1) L’individu : il s’agit dans un premier temps de connaître l’identité de la personne, et de savoir si elle a en sa possession ses papiers d’identité pour pouvoir engager le cas échéant les démarches d’accès aux droits sociaux. Il s’agit ensuite de savoir si la personne a des droits ouverts à la sécurité sociale, pour pouvoir demander le cas échéant la CMU ou à l’AME selon la situation. Il s’agit enfin de connaître les ressources éventuelles de la personne (RMI, RSA, AAH, retraite, pension d’invalidité) pour pouvoir au mieux l’accompagner dans un projet de logement. Enfin, et ce questionnement ne vient souvent que tardivement dans la rencontre car il est source d’anxiété ou de repli, il s’agit d’explorer l’environnement familial de la personne pour pouvoir faire appel à la famille en tant que soutien à la personne, mais également aux professionnels lorsque l’accompagnement au rétablissement devient effectif.

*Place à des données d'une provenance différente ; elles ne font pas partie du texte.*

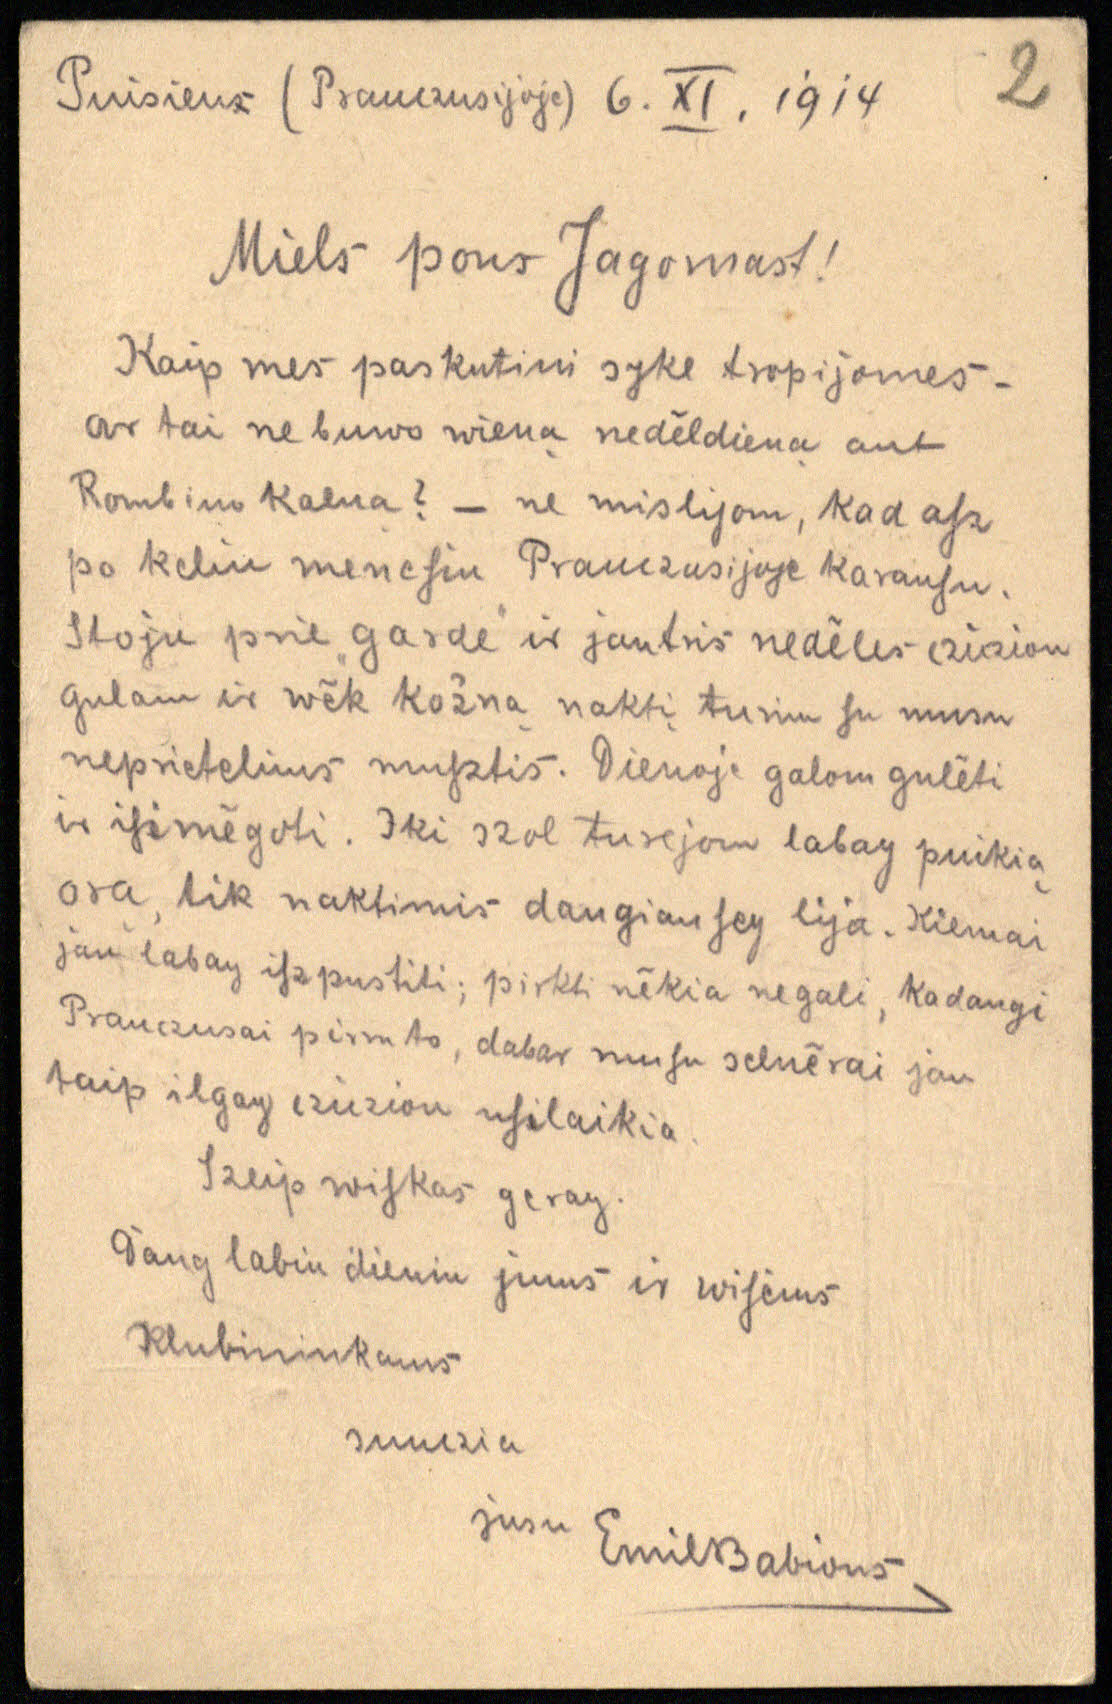 Kareivio Emilio Babiono laiškas Enziui Jagomastui iš Prancūzijos. 1914 11 06
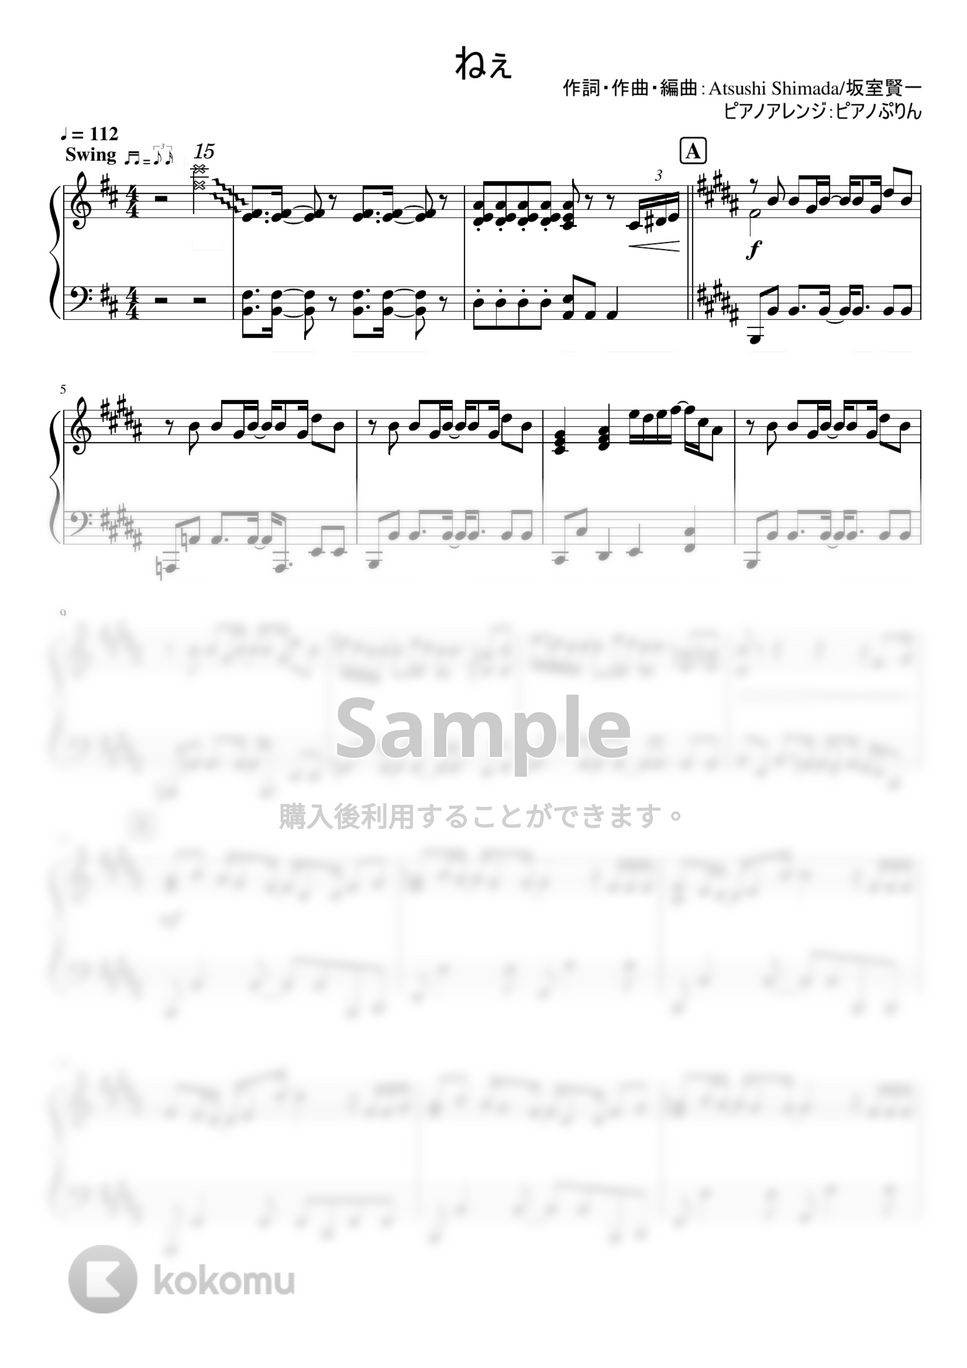 なにわ男子 - ねぇ (なにわ男子2nd Album『POPMALL』/中級楽譜) by ピアノぷりん

Connaître l’identité des personnes (et disposer de papiers officiels attestant de cette identité) est une étape fondamentale pour leur permettre un accès à leurs droits sociaux, à des

 

ressources, à une citoyenneté et à une continuité des soins médicaux. Cette identité n’est pas toujours connue pour plusieurs raisons : certaines personnes sont atteintes de délire identificatoire qui leur font adopter une identité fictive ; d’autres sont persécutées (au sens psychiatrique du terme) et refusent de livrer leur véritable identité ; d’autres enfin ont des troubles cognitifs responsables de perte de mémoire. A ces raisons s’ajoute l’absence fréquente (par perte ou par vol) de pièces d’identité.

Les démarches accomplies pour trouver l’identité de Mr M (encadré) sont à ce titre exemplaire du bricolage et de l’inventivité dont doivent faire preuve les travailleurs sociaux, bien que d’autres catégories professionnelles se mobilisent. Elles contrastent avec l’illusion d’une société transparente où les personnes et leurs actes seraient identifiés et archivés.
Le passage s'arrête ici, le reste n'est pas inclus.